Her scream turned guttural. Her knees buckled. Eyes bulged.
Veins lit up beneath her skin in crimson lightning. Her muscles contorted, expanded, cracked.
Mandalay's voice cracked from across the chamber. "No—Mirko—don't let it in!"
Mirko's mouth opened wide in a howl—then snapped shut. Her teeth had grown. Her ears elongated, twitching violently. Her skin darkened in blotches—black spreading from her arms up to her neck. Her sclera turned pitch, pupils glowing gold.
Mazoku stepped back, watching her convulse.
"Shh," he murmured. "You'll adjust. They always do."
Mirko collapsed to her knees, trembling, arms shaking as her hands dug into the floor.
Then she stopped moving.
Silence.
"M-Mirko?" Pixie-Bob called out. "Can you hear me?"
The rabbit hero's body twitched.
And then she rose.
Slowly.
Eyes glowing with inhuman light.
She exhaled—and the sound was wrong. Too deep.
Then she smiled. Blood on her lips.
When she looked at her former teammates, there was no recognition in her gaze. No pain.
Only hunger.
She lunged.
In a blur, she slammed into Mandalay, sending her flying across the chamber. Before Pixie-Bob could react, Mirko was already on her, claws raking through her shoulder, blood spraying across the wall.
"No!" Ragdoll shouted, barely conscious. "That's not her! That's not—"
A sound like thunder ripped through the chamber. Mazoku simply watched, eyes content.
"She was always close," he said. "It only took one push."
Mirko turned to him, panting, her mouth open in a half-snarl, half-grin. Her hands twitched as if struggling with memory. But the glow in her veins pulsed stronger—and her mind dimmed under it.
Mazoku stepped forward and placed a hand on her shoulder.
She didn't flinch.
"Welcome home," he said.
Blood soaked the stone floor. Scarlet trails painted claw marks into the walls. The underground lab was no longer a base. It was a tomb in waiting.

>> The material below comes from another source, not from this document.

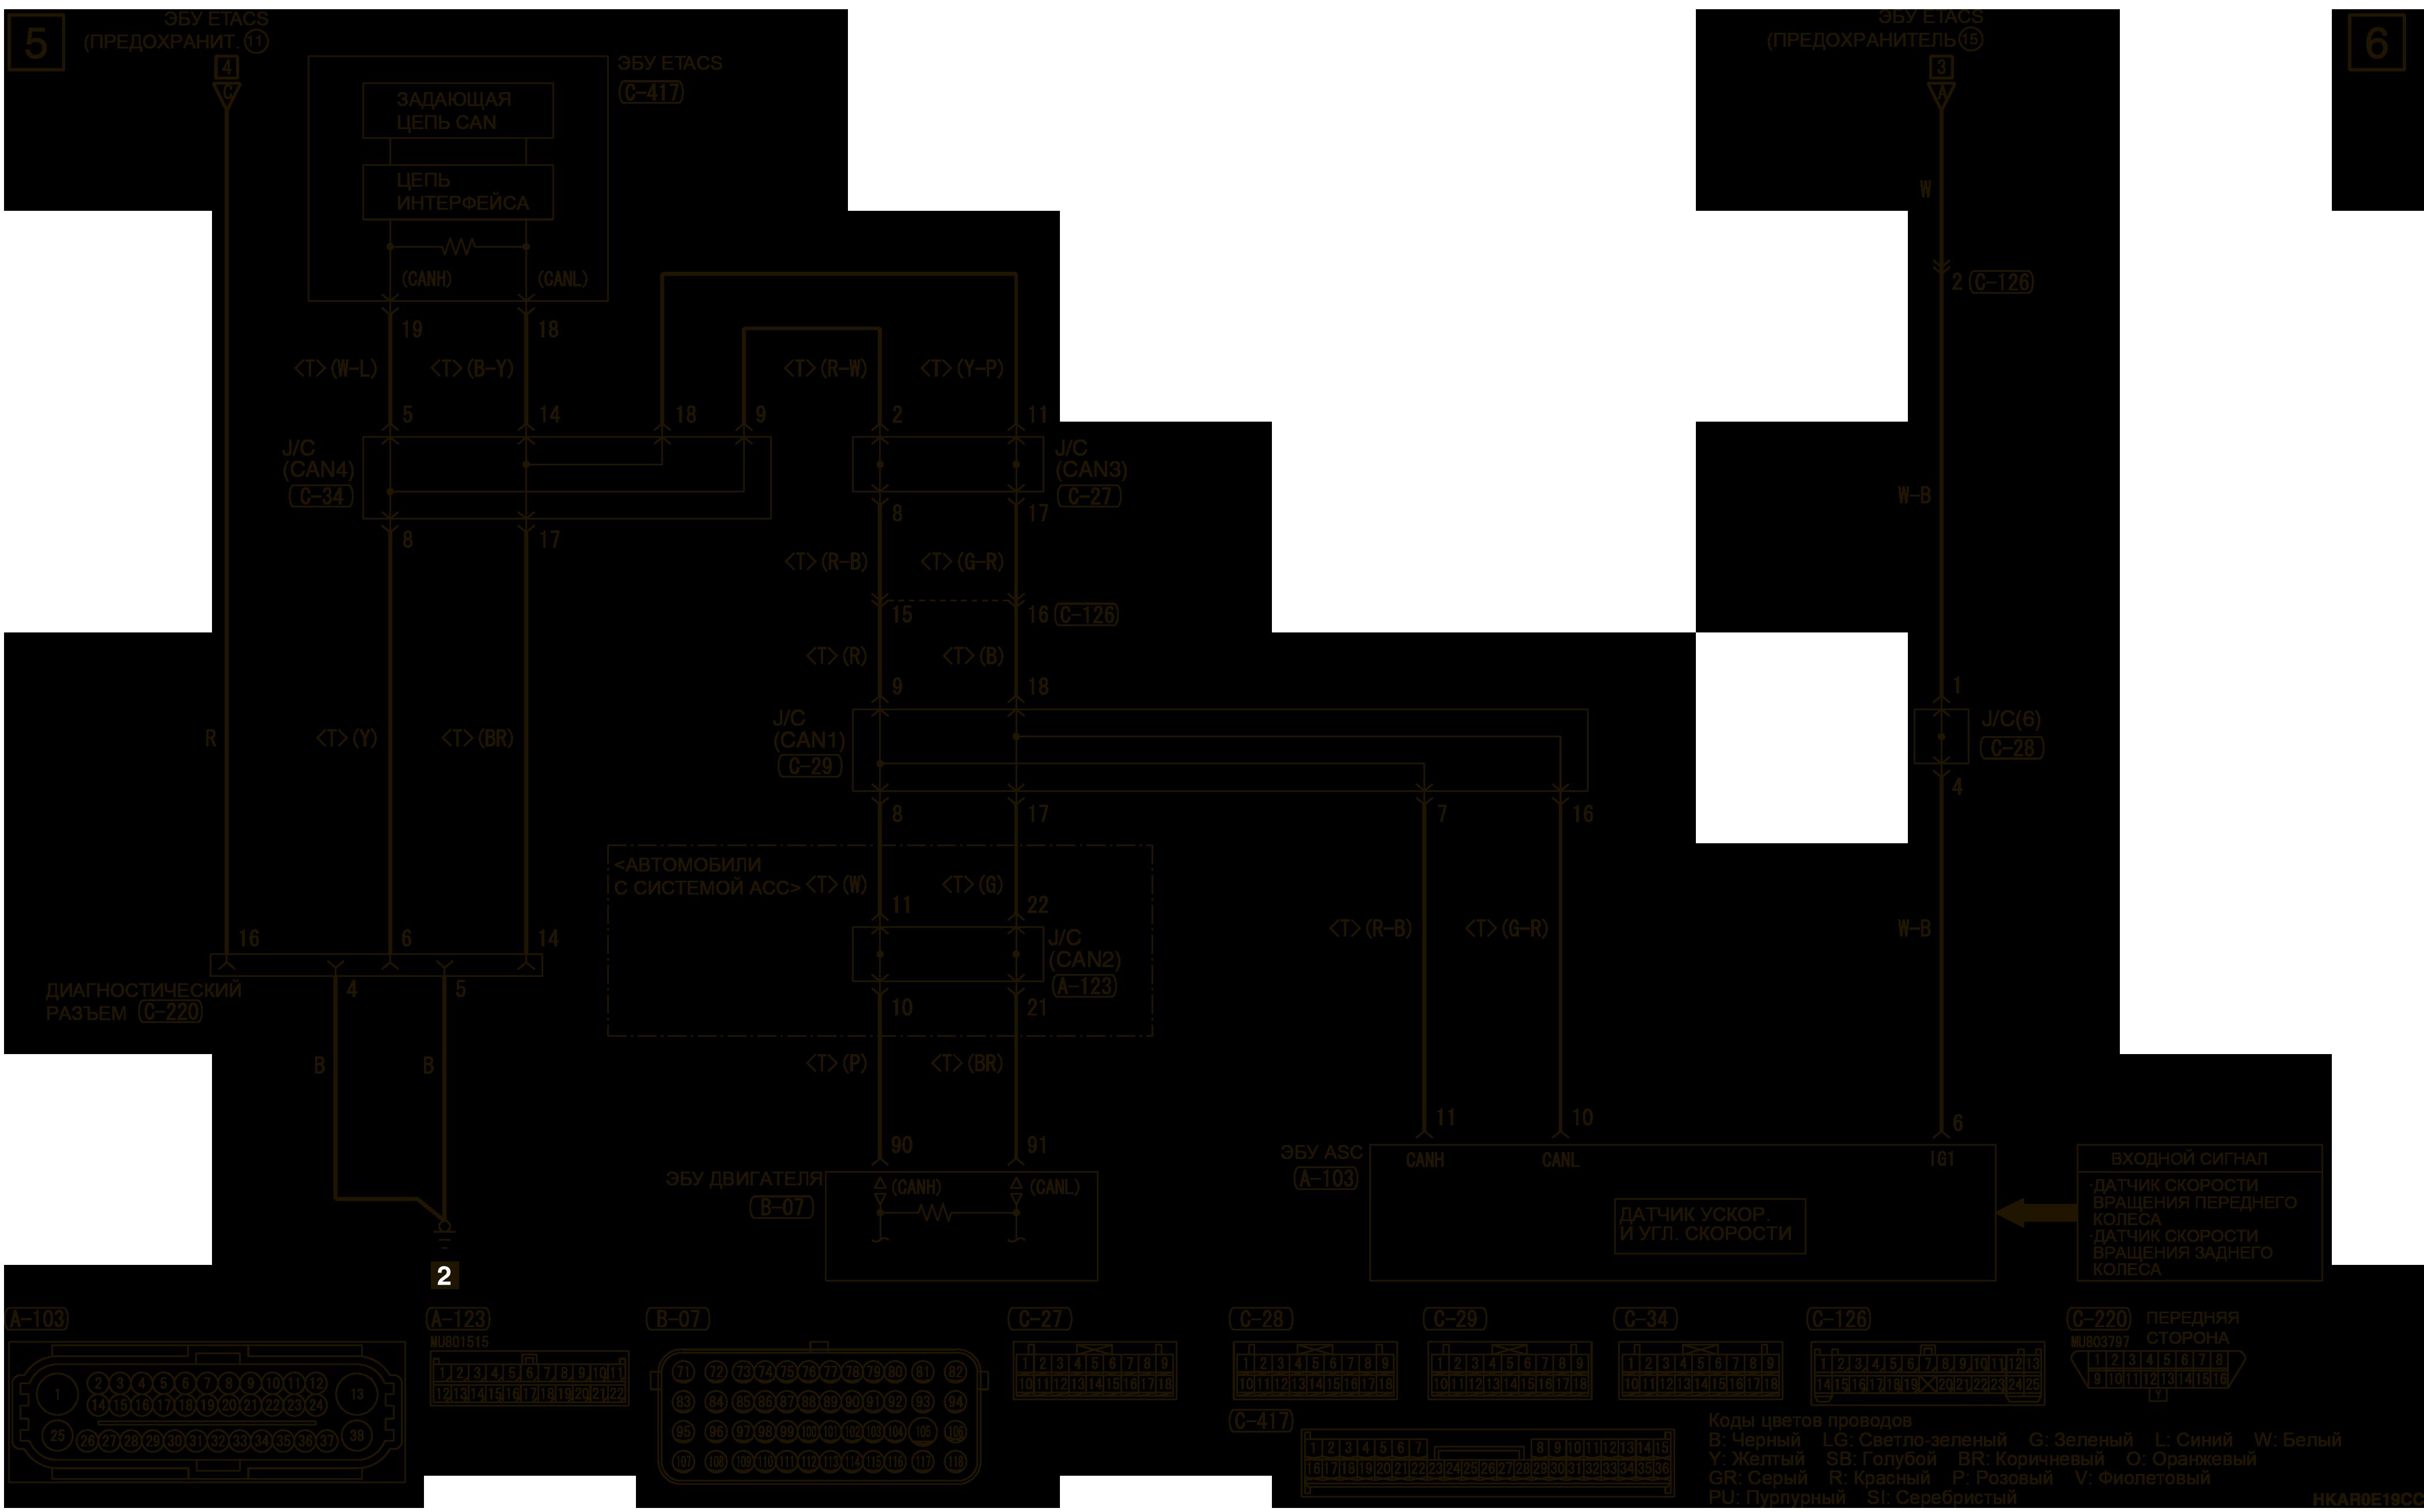 mmc аутлендер 3 2019 электросхемаСИСТЕМА ПРЕДУПРЕЖДЕНИЯ ОБ ЭКСТРЕННОМ ТОРМОЖЕНИИ (ESS) АВТОМОБИЛИ ДЛЯ ЕВРОПЫ (ПРАВОСТОРОННЕЕ УПРАВЛЕНИЕ)

Mandalay lay slumped near a cracked pillar, ribs crushed, breath shallow. Pixie-Bob's shoulder bled freely, her quirk fading like a dying ember. Ragdoll crawled toward them, voice cracking with what little air she could spare.
"Mirko… please…"
But the thing standing in front of them wasn't Mirko anymore.
She moved with unnatural grace, like a puppet reborn with its strings replaced by sinew and instinct. Her ears twitched, not in alertness but bloodlust. Her legs were coiled, body low to the ground, arms limp at her sides. But her hands—no, claws—scraped the stone, fingers twitching as if tasting the air through sensation alone.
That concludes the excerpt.